Answer
205 mL is the volume that this mass of water would have at $80^{o}$ C.
1L water at $20^{o}C$ has more mass than 1L water at $80^{o}C$:
$m_{at20^{o}c}$$\gt$$m_{at80^{o}c}$
Therefore there are more water molecules in 1L water at $20^{o}C$ than in 1L water at $80^{o}C$.
Work Step by Step
Strategy: We are given density of water for 2 temperatures $20^{o}$ C and $80^{o}$ C. As we are given a volume 200mL of water at $20^{o}$ C, we can find the mass .

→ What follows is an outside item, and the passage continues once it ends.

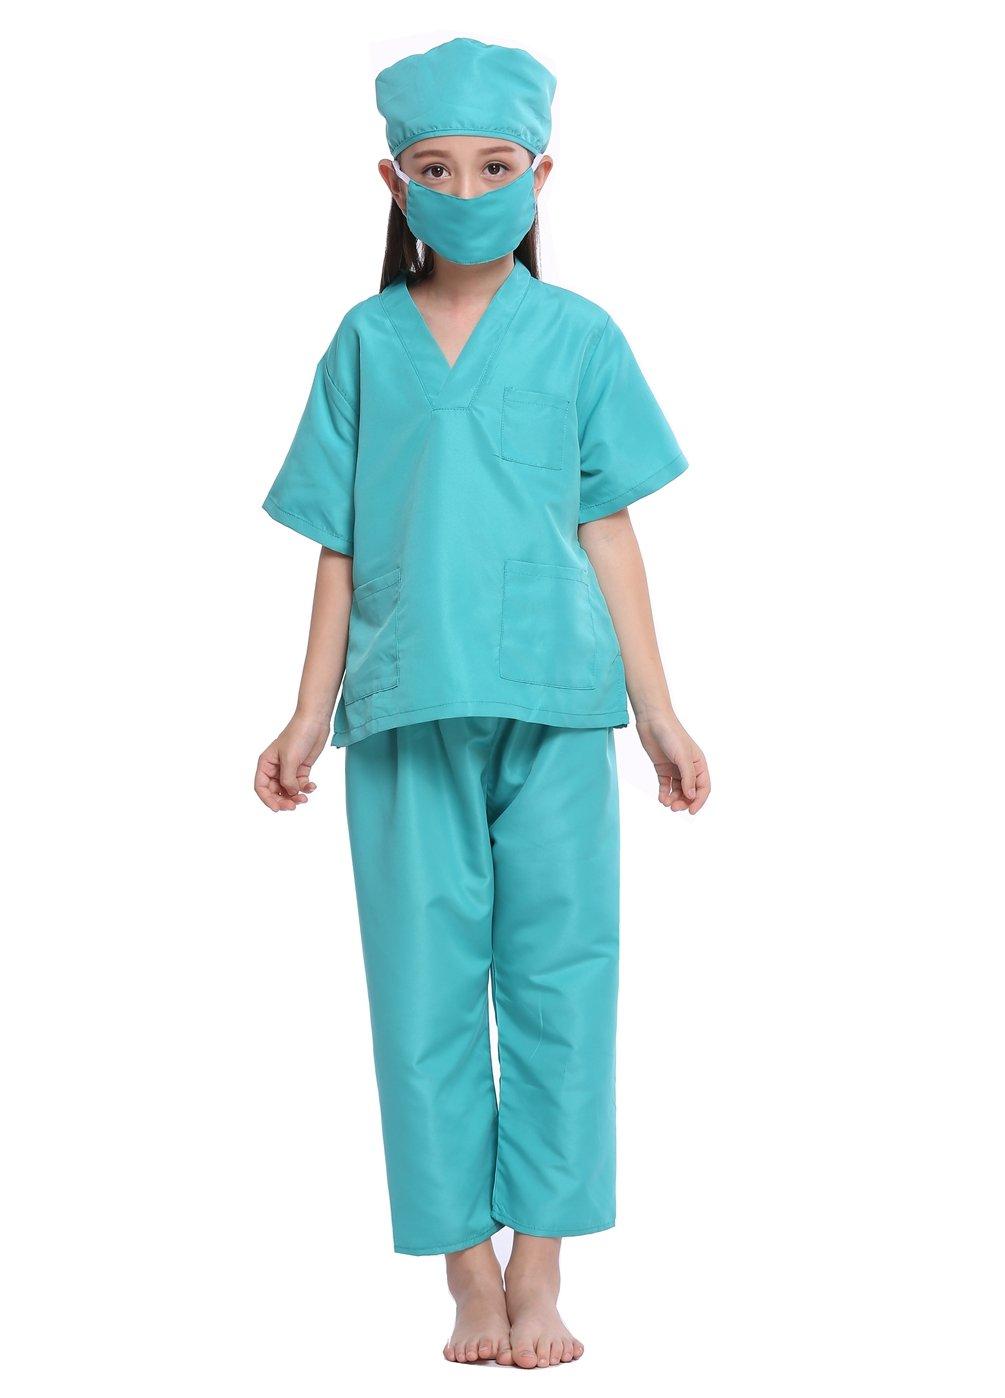 SamTaiker Kids Doctor Costumes, Children Toddler Nurse Doctor Role Play Costume Dress-Up Uniform Scrubs Set For Boys Girls (Surgical Green, 6-8)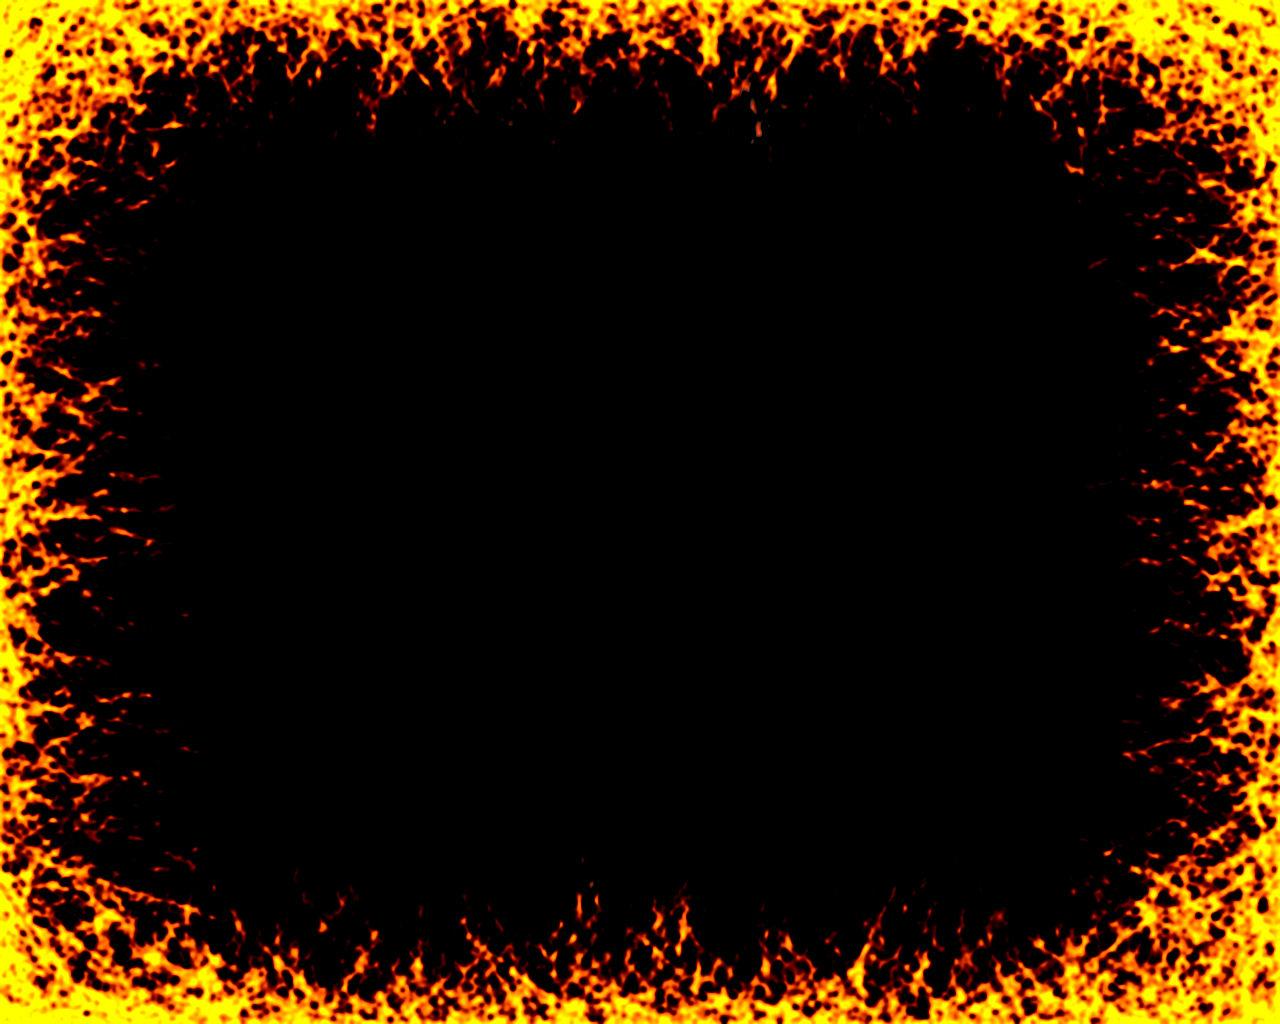 Image - FireBorder.jpg

This mass at $80^{o}$ C would have another volume. we can find it by formula:
V = $\frac{m}{d }$.
Note however, that the densities at $20^{o}$ C and $80^{o}$ C are given in $\frac{kg}{m3}$, so we have to convert these densities to $\frac{g}{mL}$, in order to find the volume of water at $80^{o}$ C in mL.
Step 1: Covert densities from $\frac{kg}{m3}$ to $\frac{kg}{mL3}$.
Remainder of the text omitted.